UW-Madison Hasn’t Hired ‘Conservative Political Thought’ Professor Promised in 2023 Deal
Asked for comment, school parrots line it used a year ago

This article by University of Wisconsin-Madison senior Rebecca Draeger was originally published in The College Fix.
The University of Wisconsin-Madison has yet to hire a “conservative political thought” professor despite agreeing to do so several years ago in exchange for funding from the state legislature.
Asked about the status of the position, a campus official gave the exact same answer he provided last year to The College Fix.
“UW–Madison continues to actively work on the creation of an endowed chair in conservative political thought,” spokesman John Lucas told The Fix via email.
He said university officials “don’t have other updates to share at this time,” repeating what he told The Fix in February 2025.
However, Lucas did say “the university has hired multiple scholars with a broad range of perspectives, including those who self-identify as conservative.”
Lucas did not clarify the timeline for the university’s hiring process, define which steps the school has taken since the agreement was made, or list which organizations they reached out to identify candidates or secure funding.
As previously reported by The Fix, UW-Madison agreed to the deal as part of a broader $800 million funding agreement between the regents for the University of Wisconsin system and state legislative leaders that also included cuts to “diversity, equity, and inclusion” programming.
In exchange, the university system received money for pay raises, and UW-Madison specifically received $347 million for a new engineering building.
The deal, first passed in December 2023, requires the university to create an “endowed chair to focus on conservative political thought, classical economic theory, or classical liberalism.”
The 2023 agreement was, in part, a reaction to a survey that found most UW–Madison students were afraid to express their views on controversial topics in class. Students identifying as “conservative” and “very conservative” were especially likely to self-censor.
About 40 percent of survey respondents said they were worried their grades would suffer if they spoke up.
Later, a 2024 analysis by political science professor Alexander Tahk found that “over 99% of political dollars contributed by UW faculty went to Democrats and left-wing groups over the past decade.”
They found that the odds of a UW–Madison humanities or social science professor making a political donation to a Republican were 1 in 530.
Higher ed experts weigh in on potential bias at UW-Madison
Several higher education experts recently spoke on campus about “scholar-activist faculty hiring,” and gave comments afterward to The Fix about potential bias in the university’s hiring system.
The Center for Research on the Wisconsin Economy, the Tommy G. Thompson Center, and the Center for the Study of Liberal Democracy sponsored the March 4 event.
A former University of Wisconsin regent said hiring processes must be fixed to weed out bias.
University hiring practices “have to become less biased and homogeneous,” Free Speech for Campus President Tim Higgins told The Fix in person after the UW-Madison event hosted by several centers on campus.

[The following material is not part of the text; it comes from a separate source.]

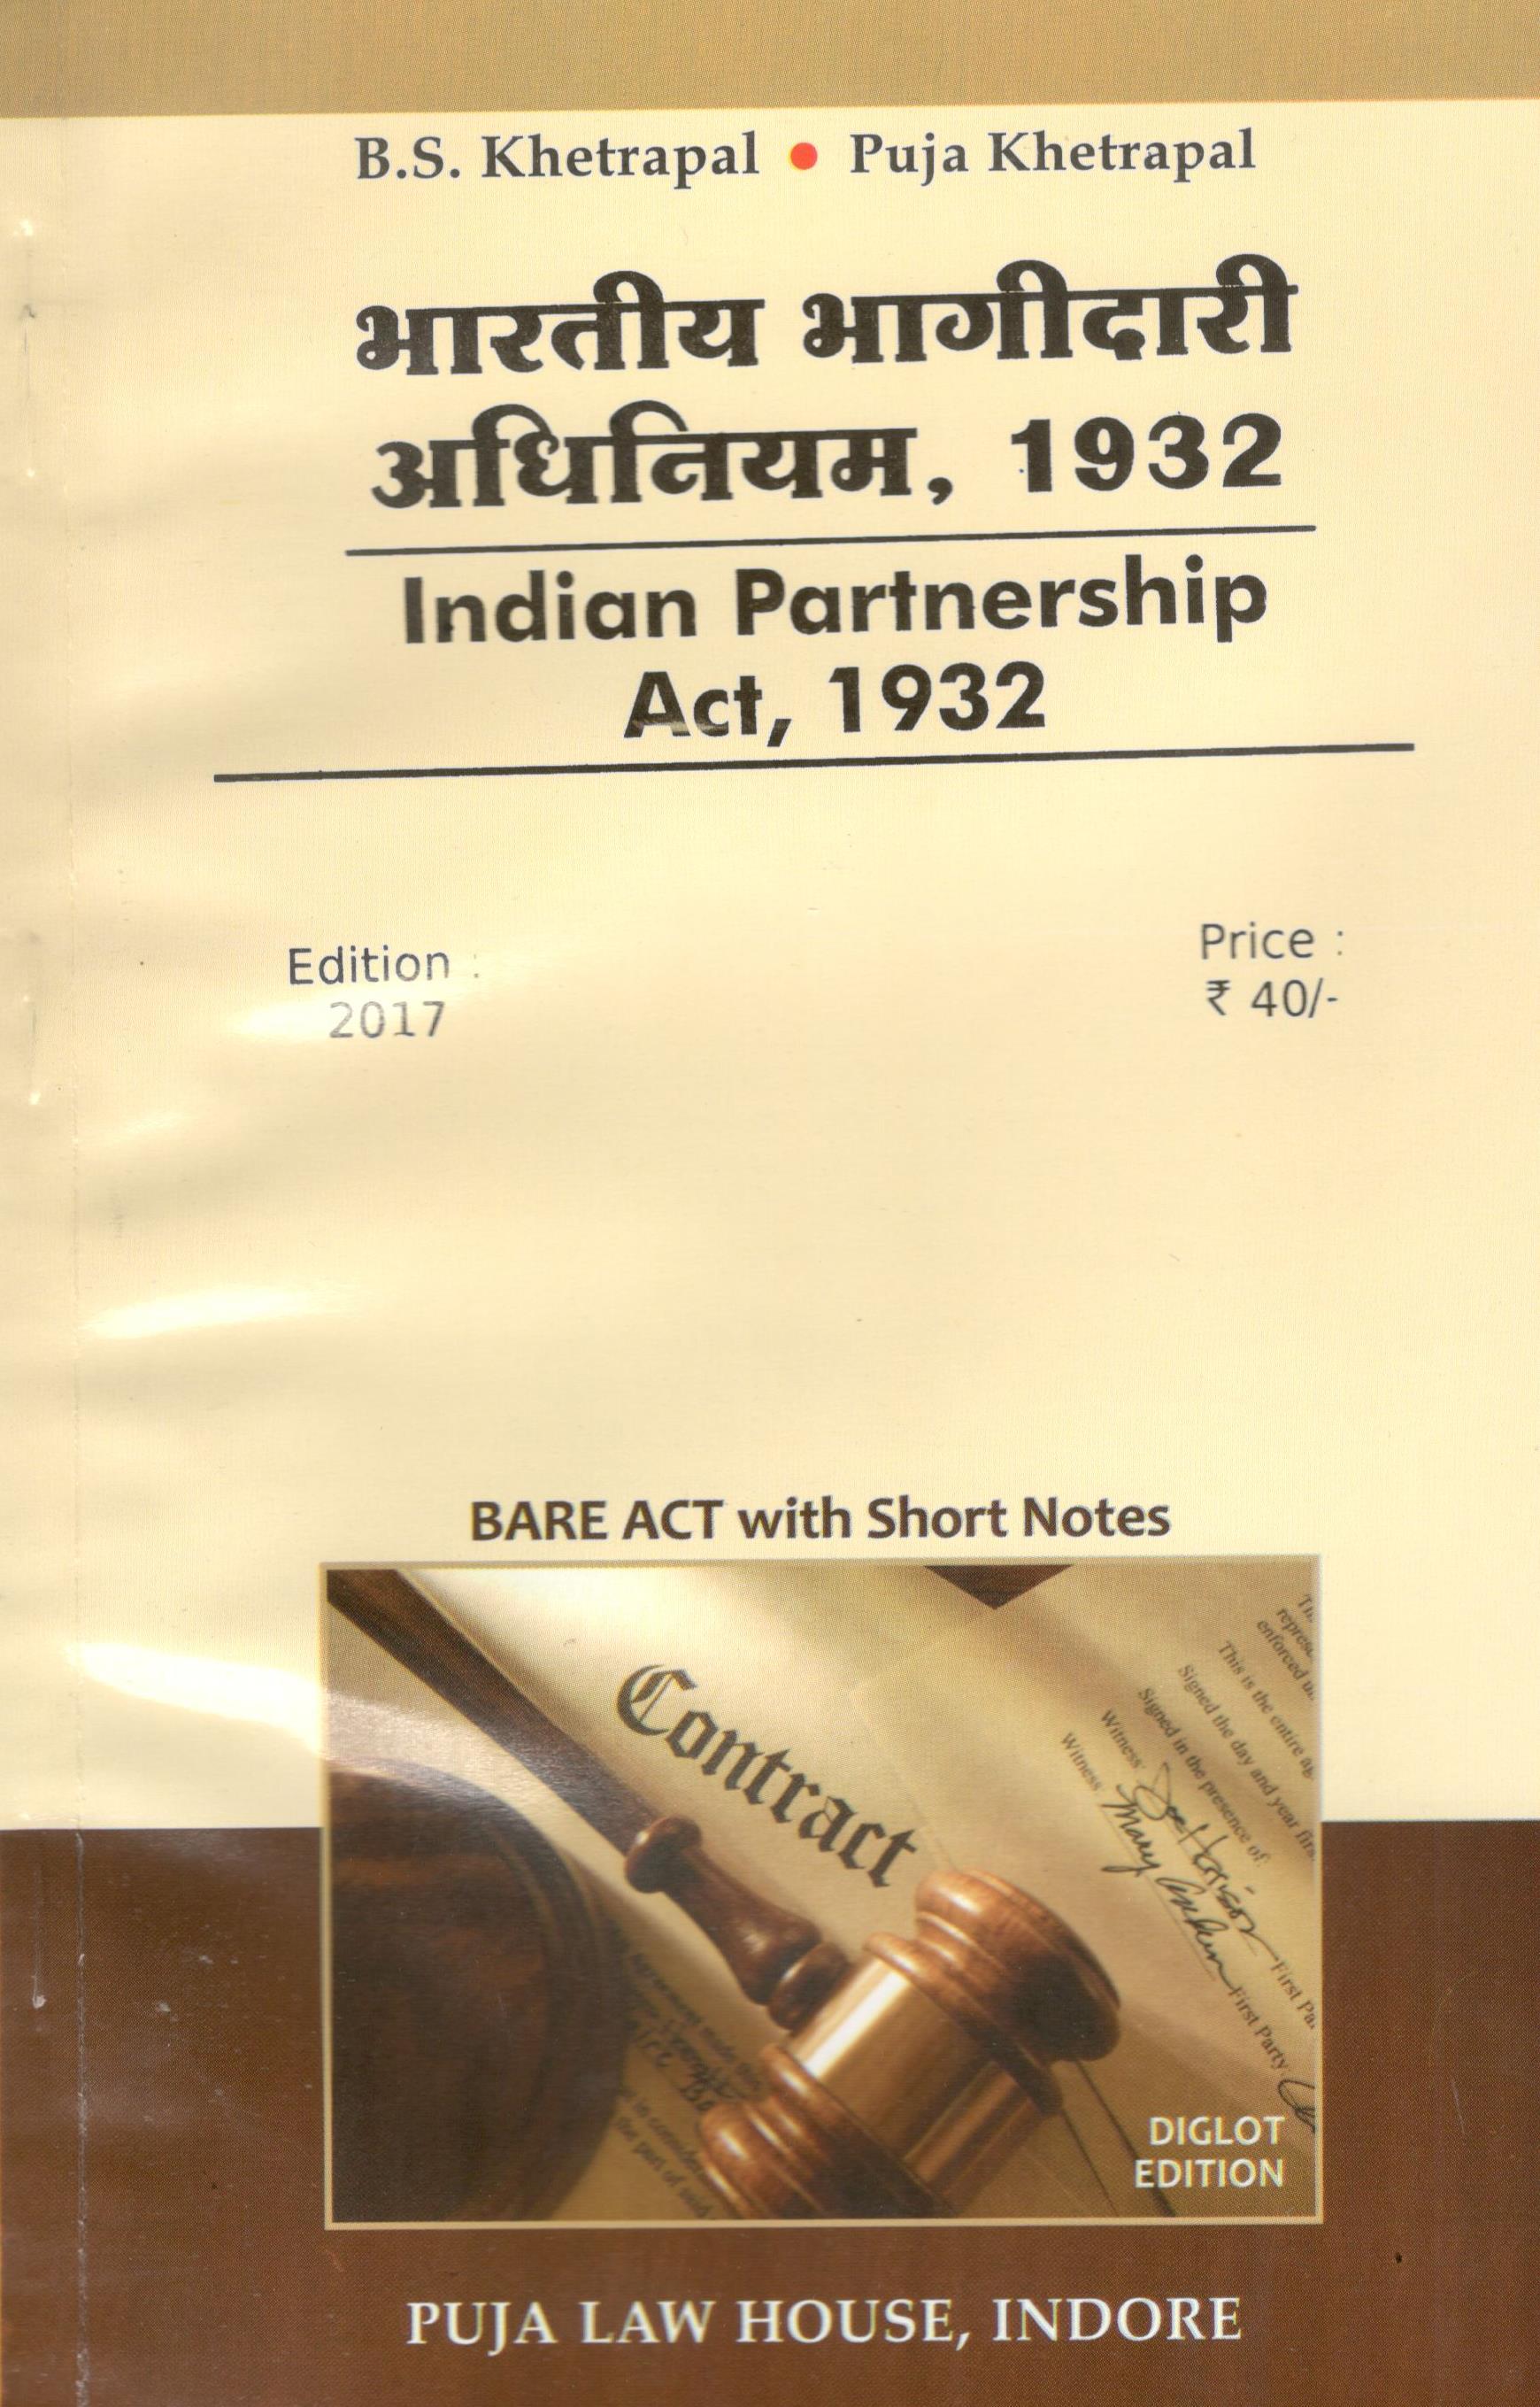 Buy भारतीय भागीदारी अधिनियम, 1932 / Indian Partnership Act, 1932

The former University of Wisconsin regent said the Madison campus tends to “hire woke people.”
In response to a question on how the Wisconsin Legislature should respond, Higgins said: “Our next governor really needs to look at holding the state agency to producing the kinds of changes that need to be done.”
“The university system has gone so far off track,” he said.
Higgins referenced a famous UW–Madison plaque that commits the university to the “fearless sifting and winnowing” of information and academic freedom in pursuit of the truth and said, “We need to get back to that.”
John Sailer, an investigative journalist and fellow with the Manhattan Institute, spoke at the event.
When asked by The Fix about how the university could increase viewpoint diversity in the Q&A portion of his talk, Sailer responded, “I’m not advocating for Make America Great Again statements as a replacement for diversity statements.”
He expressed that the issue is the personnel pipeline, beginning at the undergraduate level. Sailer commented that there aren’t many conservatives who enter into higher education in the first place.
“One thing that needs to happen is a lot of universities need to say ‘Hey, we are interested in and enthusiastic about hiring conservatives. That doesn’t mean we’re going to give you some leg up if you’re a lousy scholar, but also conservative … but we desire to be a place that welcomes conservatives, and we mean it.’”
Sailer further recommended the creation of scholarship opportunities that would interest conservatives, such as American history, constitutional studies, and the classics.
Sailer suggested that increasing viewpoint diversity will require long-term efforts to encourage more conservatives to pursue academic careers.